Когда только оказался здесь, первое, что я сделал – вымыл всю посуду, что, наверное, с полнедели, а то и дольше, копилась в раковине и на прилегающей к ней тумбе-столе.
Я мыл; Цапля сидела напротив, хлопая глазами. Она даже не догадалась вытирать чистые тарелки, кастрюли, плошки, вилки и ложки. Когда я закончил, Цапля поднялась с табурета, подошла, обняла, притерла меня к стене роскошным бюстом, всегда – к моей радости – оказывавшимся рядом с моими ненасытными губами, и тихо прошептала:
– Какой ты у меня… хозяйственный… За что мне такое счастье…
За три месяца я привел цаплину кухню в состояние идеальной чистоты и порядка. Всё стояло теперь по местам; жиру, гари и грязи не было никакой возможности больше жить здесь. И уж не знаю, почему, – но уж точно не со стыда, стыдиться она не умела, ничему и никогда, – Цапля научилась мыть посуду, и делать это вовремя.
Но была на кухне одна вещь, вмешиваться в судьбу которой мне было запрещено совершенно определенно и недвусмысленно: старая чугунная сковородка. Цапля уверяла, что ее в этом доме не мыли никогда; разве что ополаскивали после готовки горячей водой из чайника – лет так тридцать, а то сорок, а, может, и все пятьдесят. За это время сковорода обросла сверху, снизу и по бокам толстым бугристым слоем то ли угля, то ли кокса.
– Ну, Стеш, ты же не будешь мыть кофейную джезву? – ласково спрашивала Цапля.
– Нет, – кивал я, – так можно весь вкус кофе испортить.
– Вот именно, – смеялась мне карими глазами с длиннющими ресницами Цапля, – тогда зачем мыть сковородку?
У меня не было ответа.

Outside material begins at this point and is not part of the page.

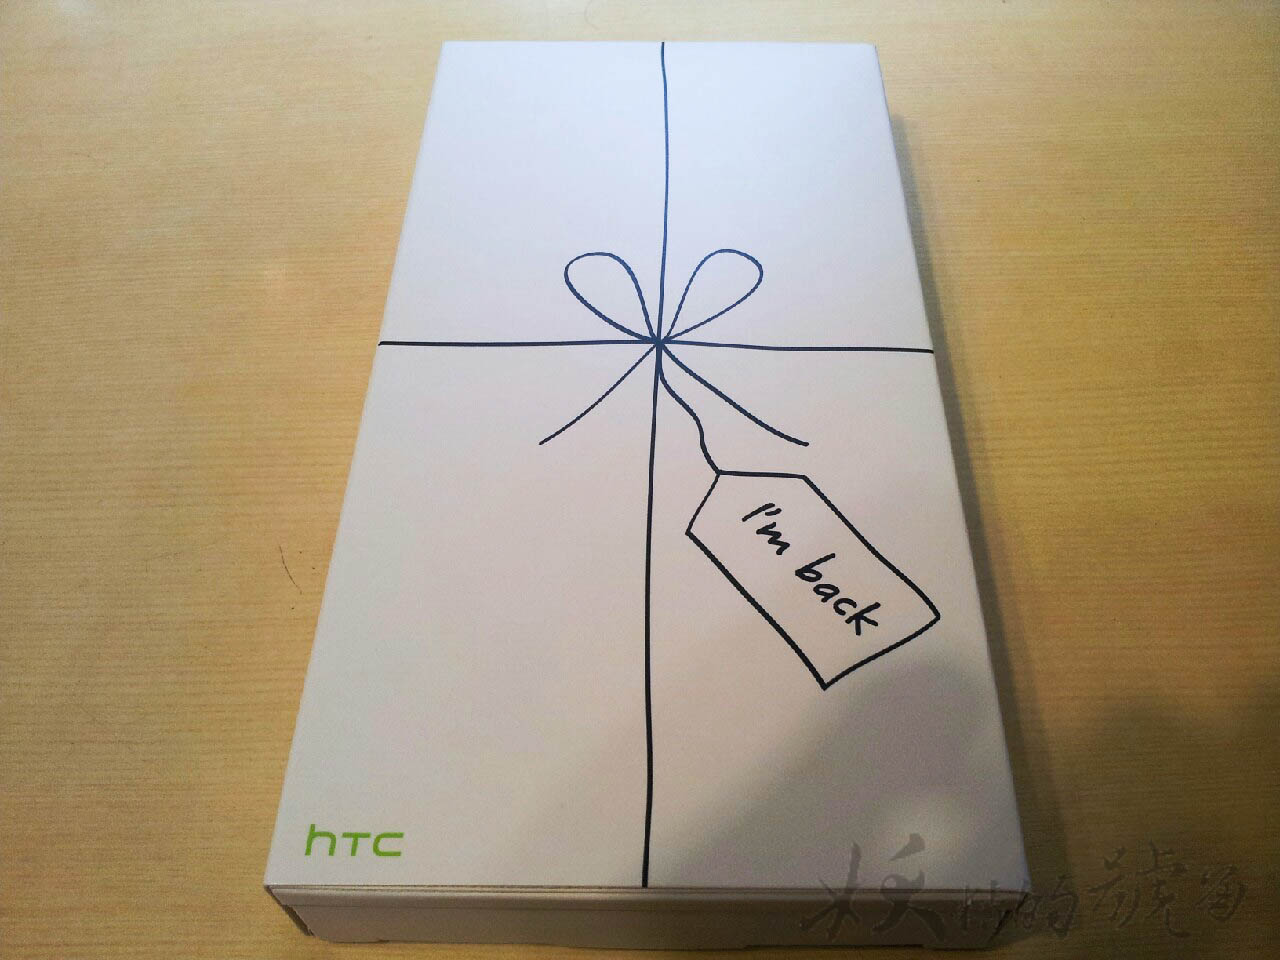 20150806 2968 - HTC Butterfly S 相機紫光 - 過保維修記(已s-off + Unlocked)
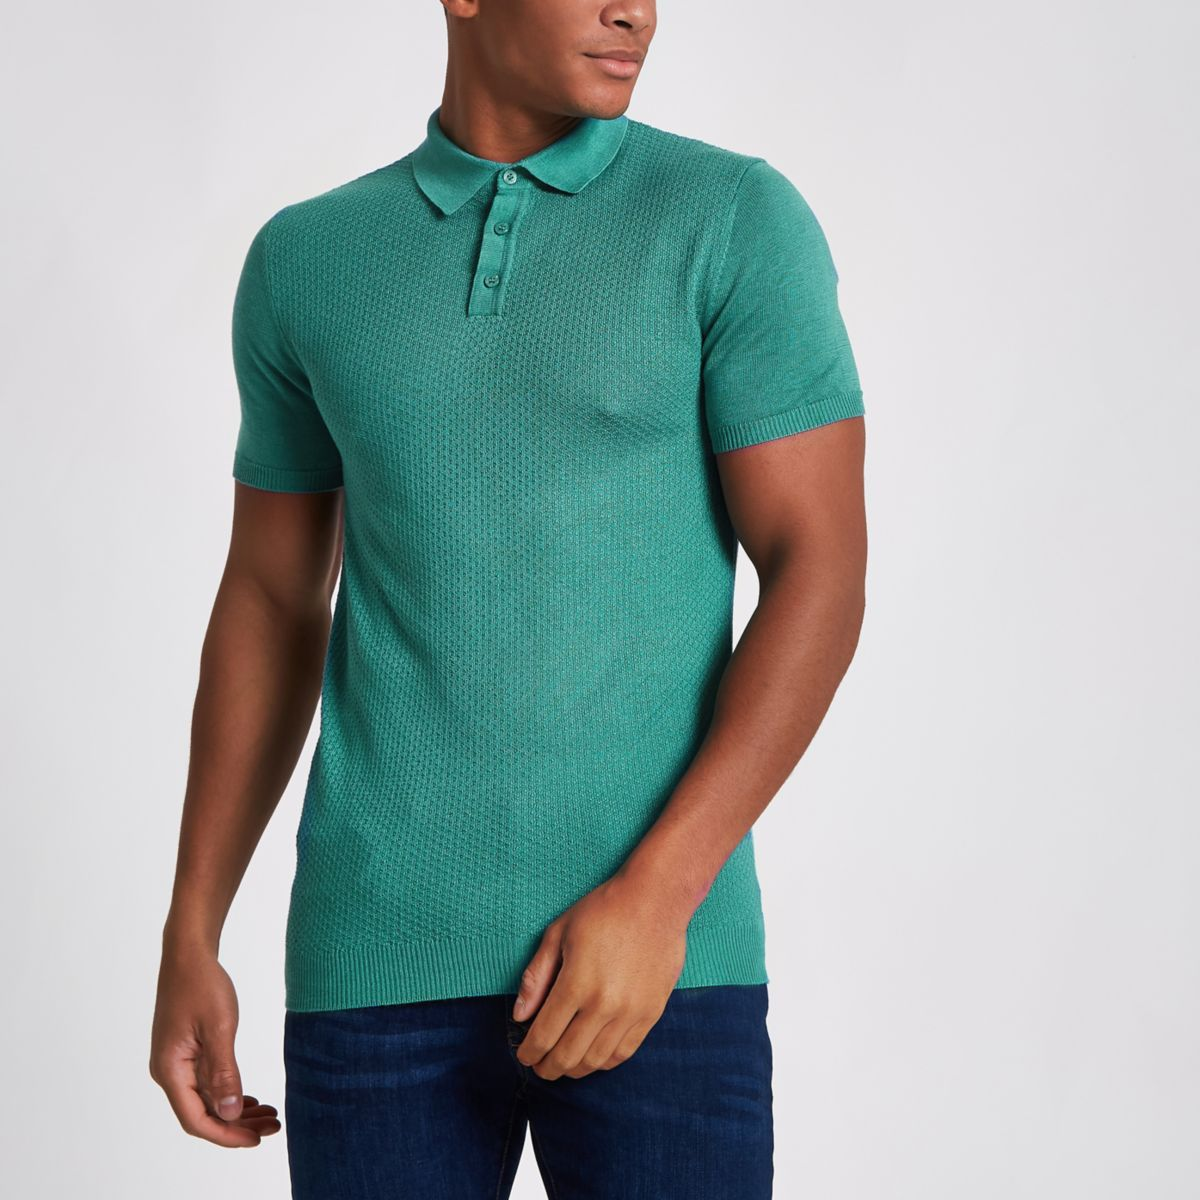 polo muscle fit textured shirt Green qtCfawxn

Своим взглядом она могла вить из меня веревки.
Я быстро начистил картошки и отправил ее жариться на заслуженную сковороду. Вскоре кухню заполнил неземной аромат; содержимое сковороды стало золотистым.
– Кушать подано, идите жрать, пожалуйста! – проорал я, высовываясь в коридор.
***
– Спишь?
– Что, Цаплёнок?
– Картошка твоя какая вкусная была.
– Головка не бо-бо?
– Не-а.
– Как же вы так – без закуси?
– Как-как… Дерюгина принесла. Хотели сначала по маленькой, а вышло по большенькой… Ты не сердишься?
– На что?
– Что мы нажрались.
– Так ведь вы девчонки-то уже большие.
– Ну да. Но ты все равно прости, если что.
– Если что, прощаю.
– Понимаешь, я Дерюгиной никогда отказать не могу. Мы с ней как сестры. Двадцать два года уже.
– Получается, вас – три сестры?
– Это как?
– Ну, ты, Зойка и Дерюгина.
– Нет. Две.
– Не понял.
– Две. Я и Дерюгина.
– А Зойка?
– А Зойка – говнюшка.
– За что ты ее так?
– За всё. За всё хорошее. Сигарету прикури, пожалуйста.
Луна выпорхнула из-за клубистых туч, нарисовав в неверной темноте цаплино лицо невероятно бледным, а вместо глаз нарисовав два колодца.
– На, – затянувшись сам, протянул я сигарету Цапле.
Сигаретный огонек, пыхнув, коротко бросил на цаплино лицо багровый отсвет огня преисподней.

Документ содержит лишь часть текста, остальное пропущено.